___ Records for processing ___
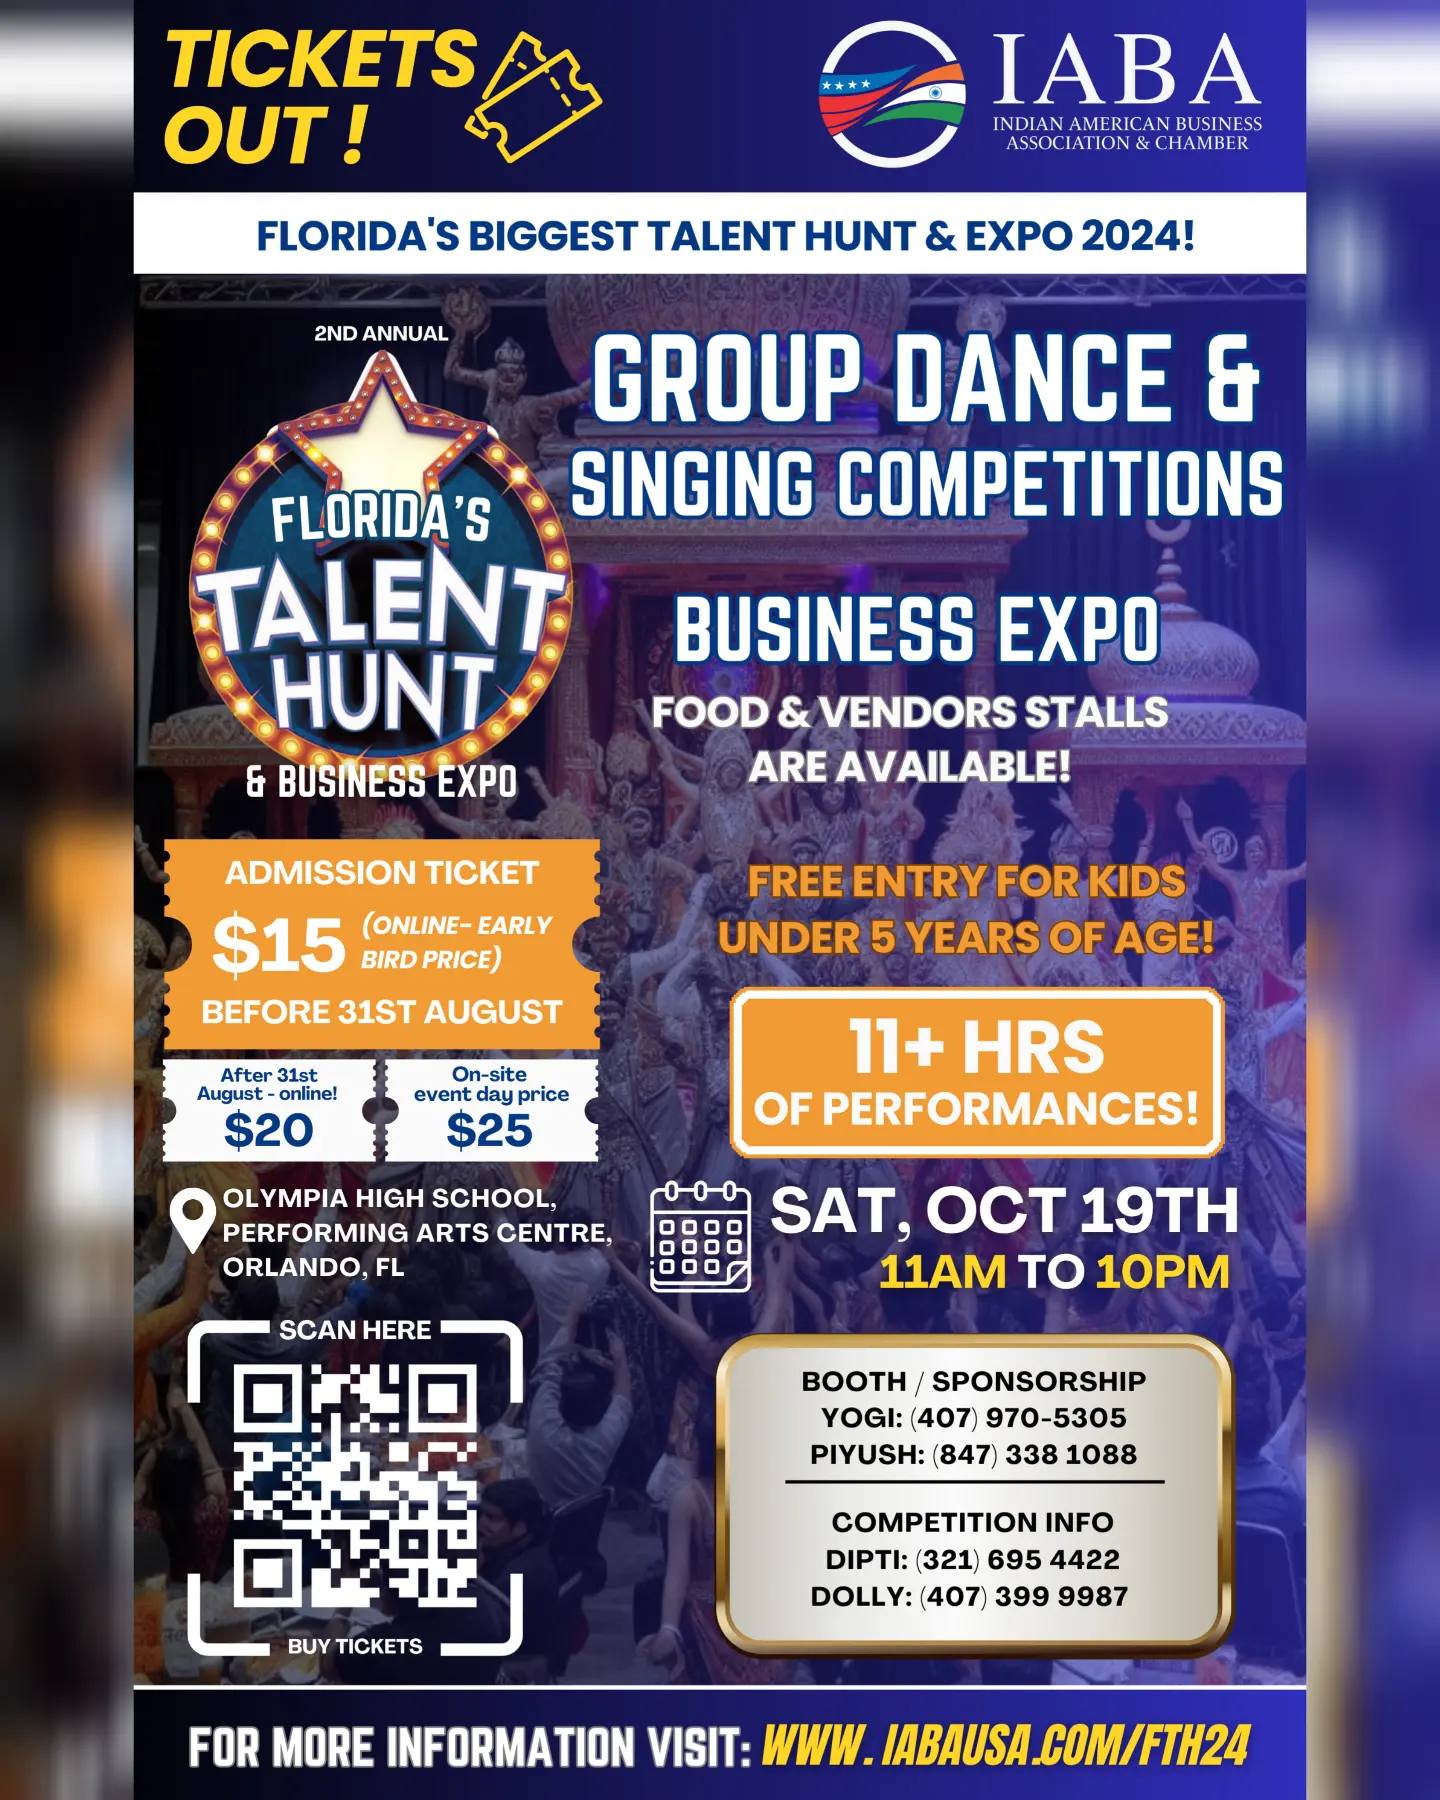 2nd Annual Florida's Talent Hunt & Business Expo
___
___ Records for processing ___
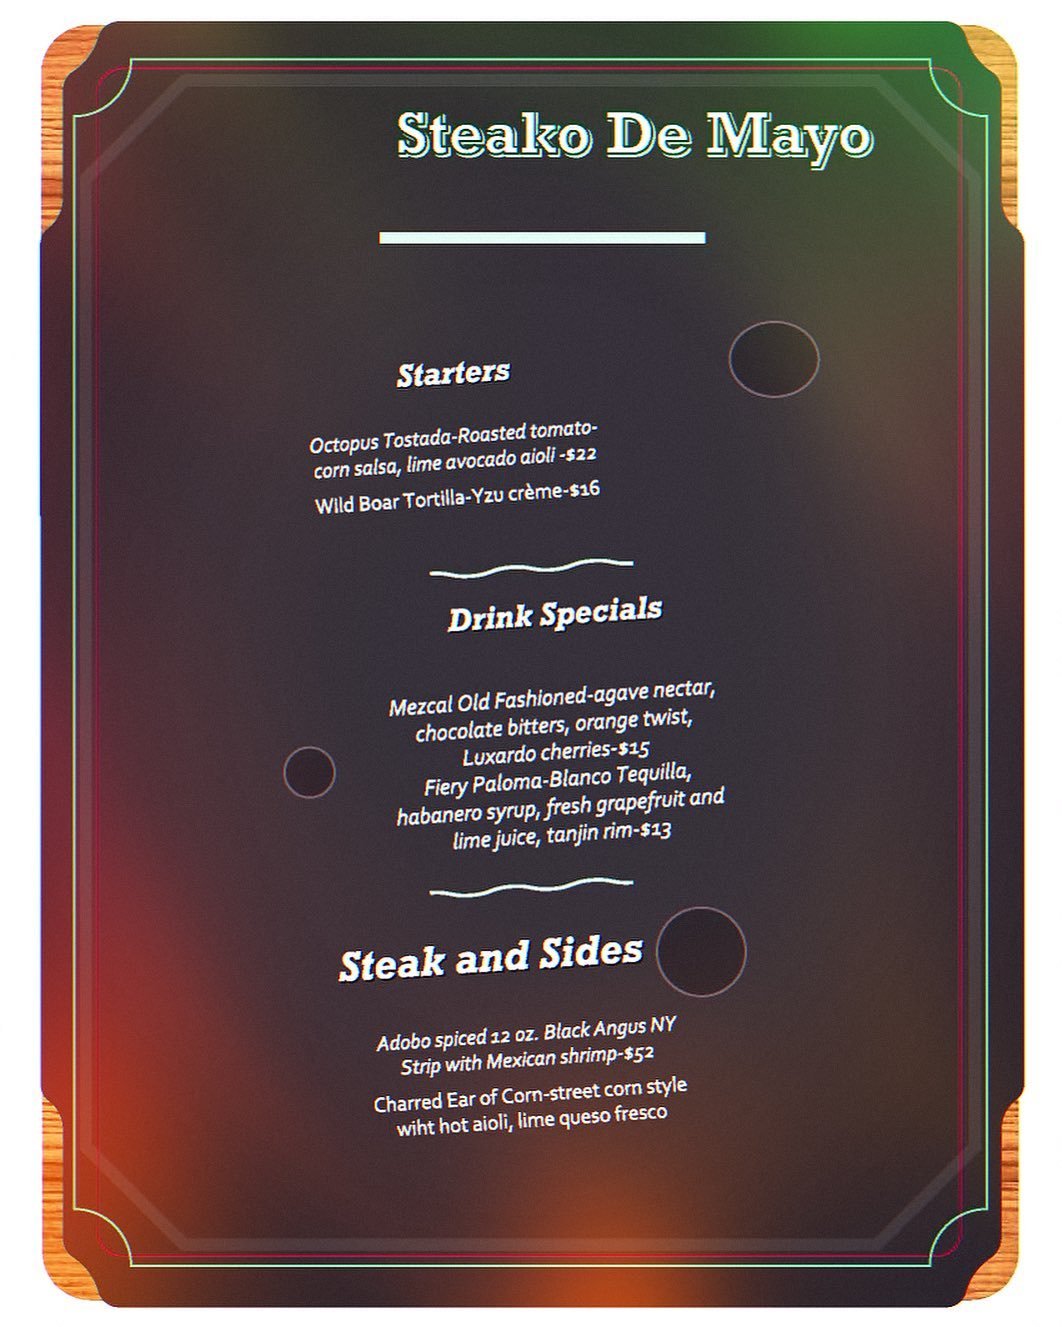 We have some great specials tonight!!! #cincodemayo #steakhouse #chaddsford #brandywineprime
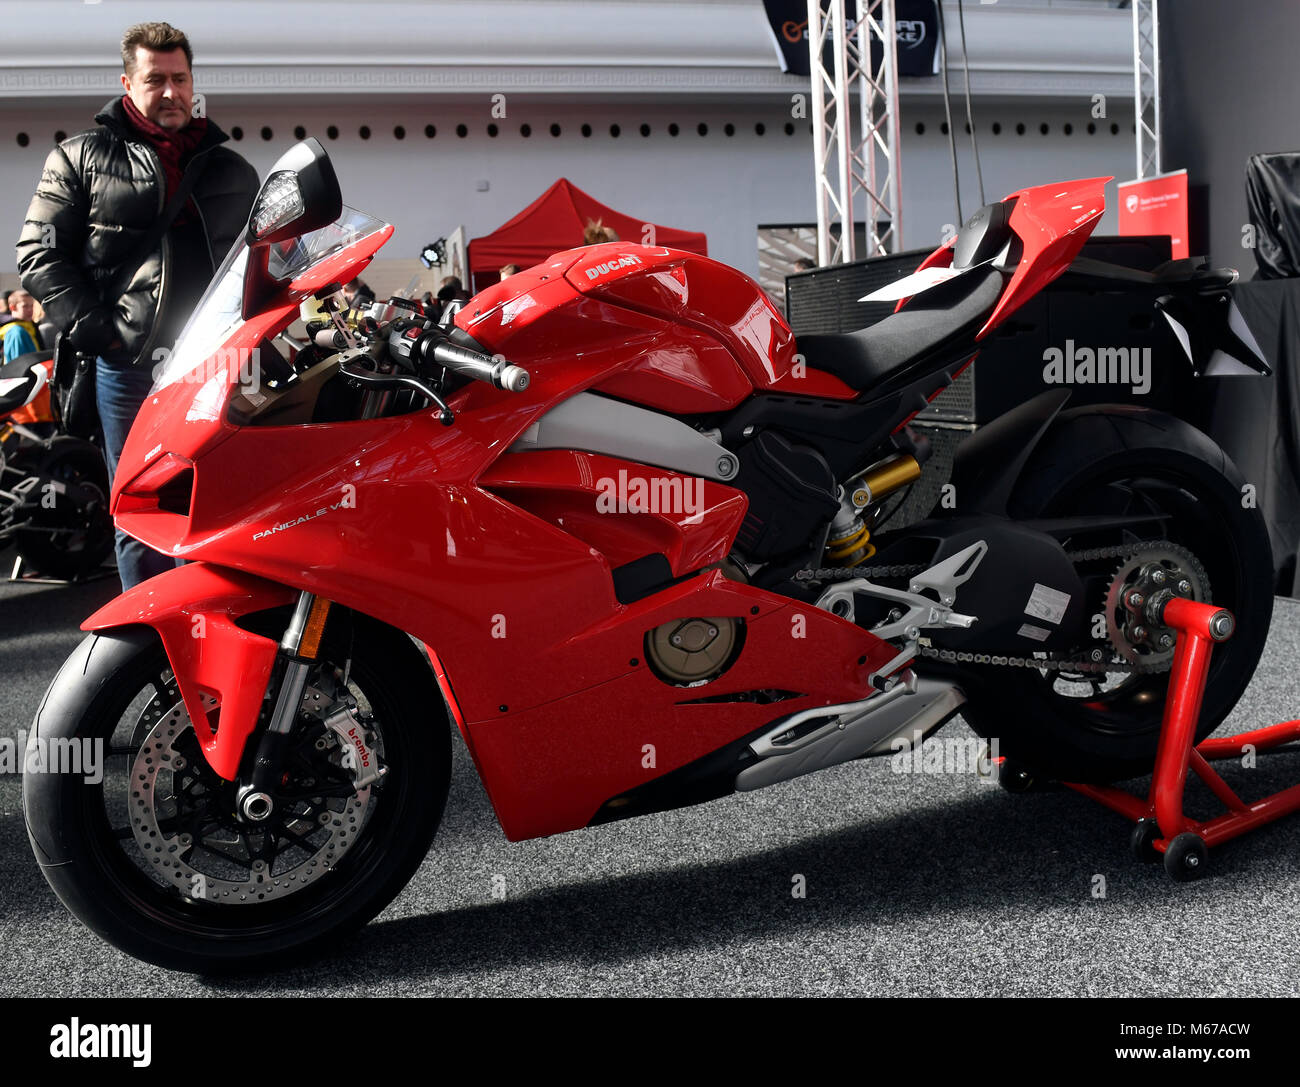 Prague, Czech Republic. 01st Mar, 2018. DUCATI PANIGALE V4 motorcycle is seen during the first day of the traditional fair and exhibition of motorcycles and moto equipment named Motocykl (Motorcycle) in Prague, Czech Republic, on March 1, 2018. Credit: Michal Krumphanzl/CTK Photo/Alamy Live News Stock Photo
___
___ Records for processing ___
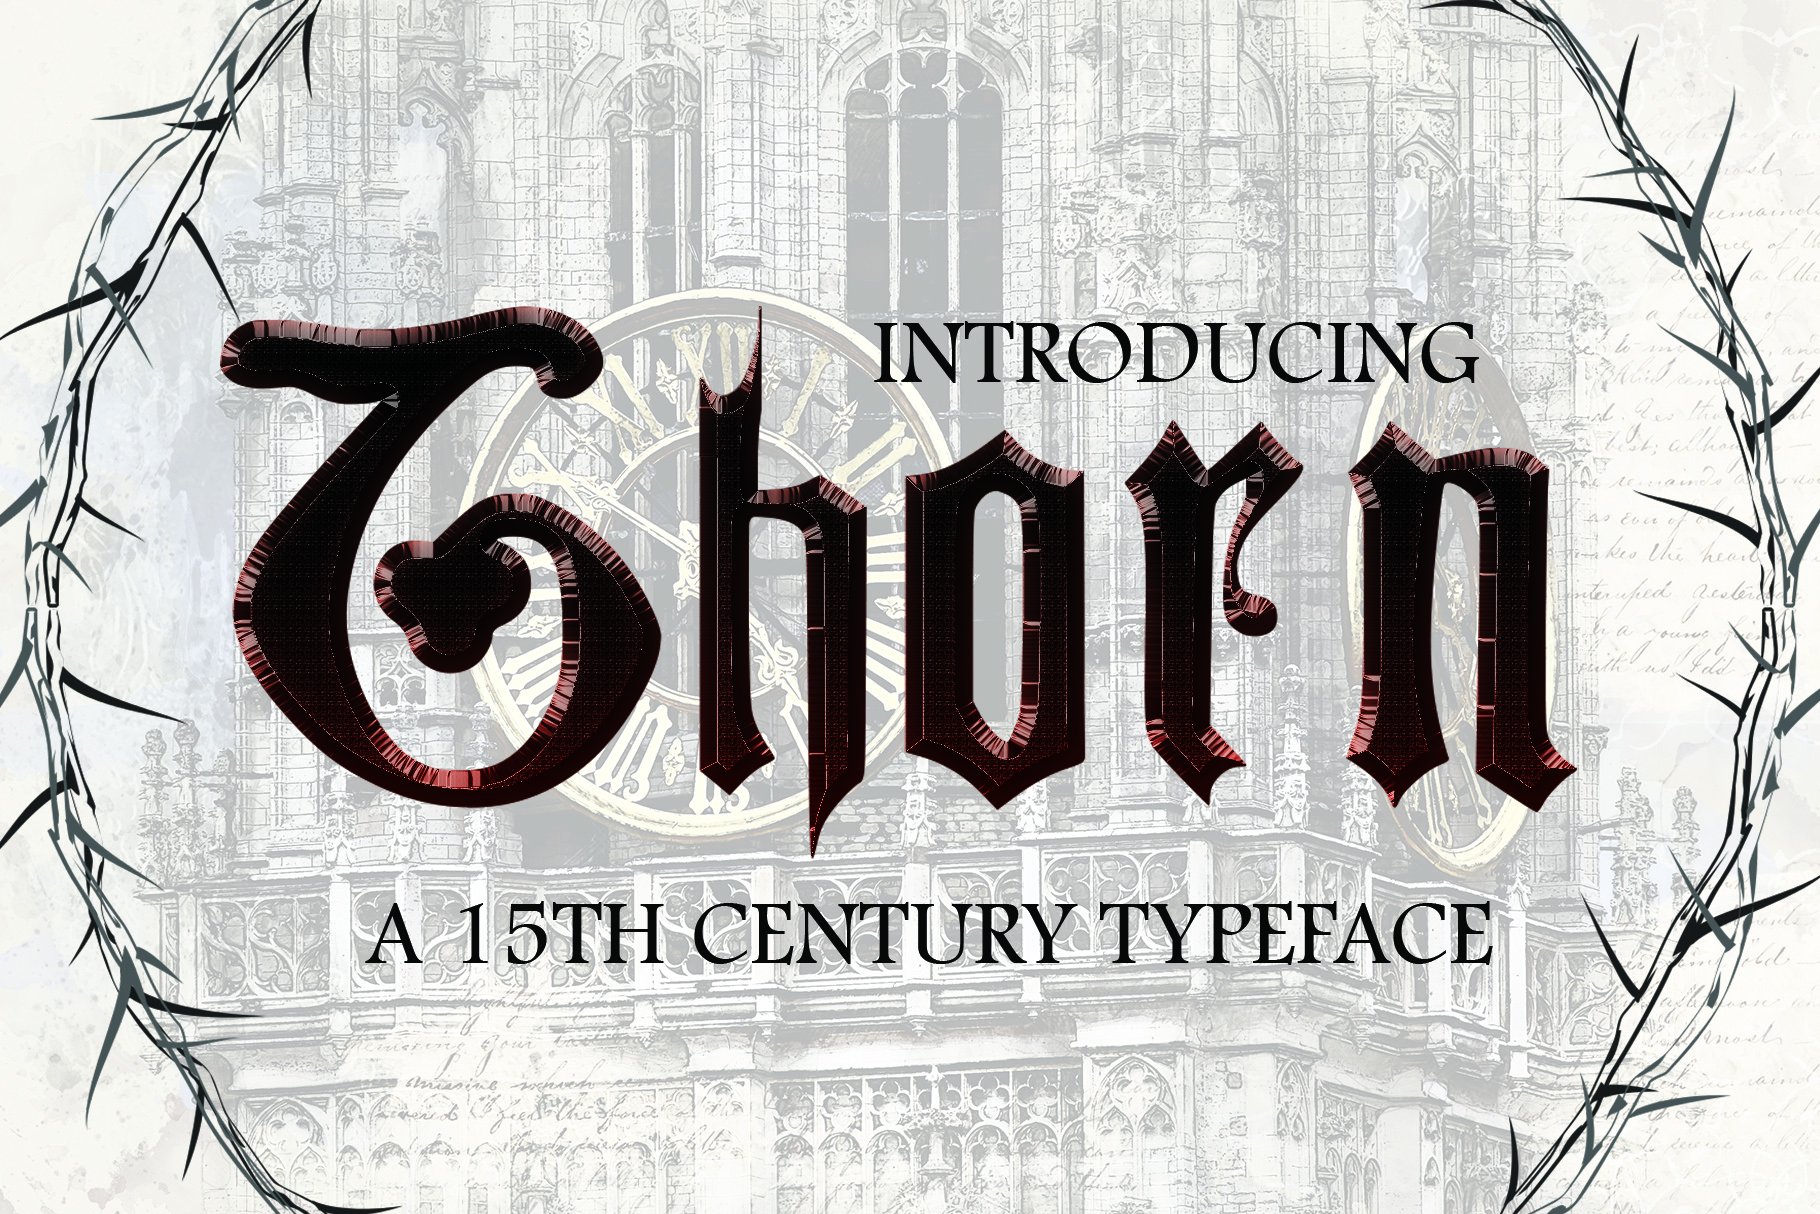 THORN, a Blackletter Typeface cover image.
___
* Required work *
Above are the records; return the lines in them from the one with "We have some" to the one with "Prague, Czech Republic.", inclusive, exactly and without images.

* Response area *
 We have some great specials tonight!!! #cincodemayo #steakhouse #chaddsford #brandywineprime
 Prague, Czech Republic. 01st Mar, 2018. DUCATI PANIGALE V4 motorcycle is seen during the first day of the traditional fair and exhibition of motorcycles and moto equipment named Motocykl (Motorcycle) in Prague, Czech Republic, on March 1, 2018. Credit: Michal Krumphanzl/CTK Photo/Alamy Live News Stock Photo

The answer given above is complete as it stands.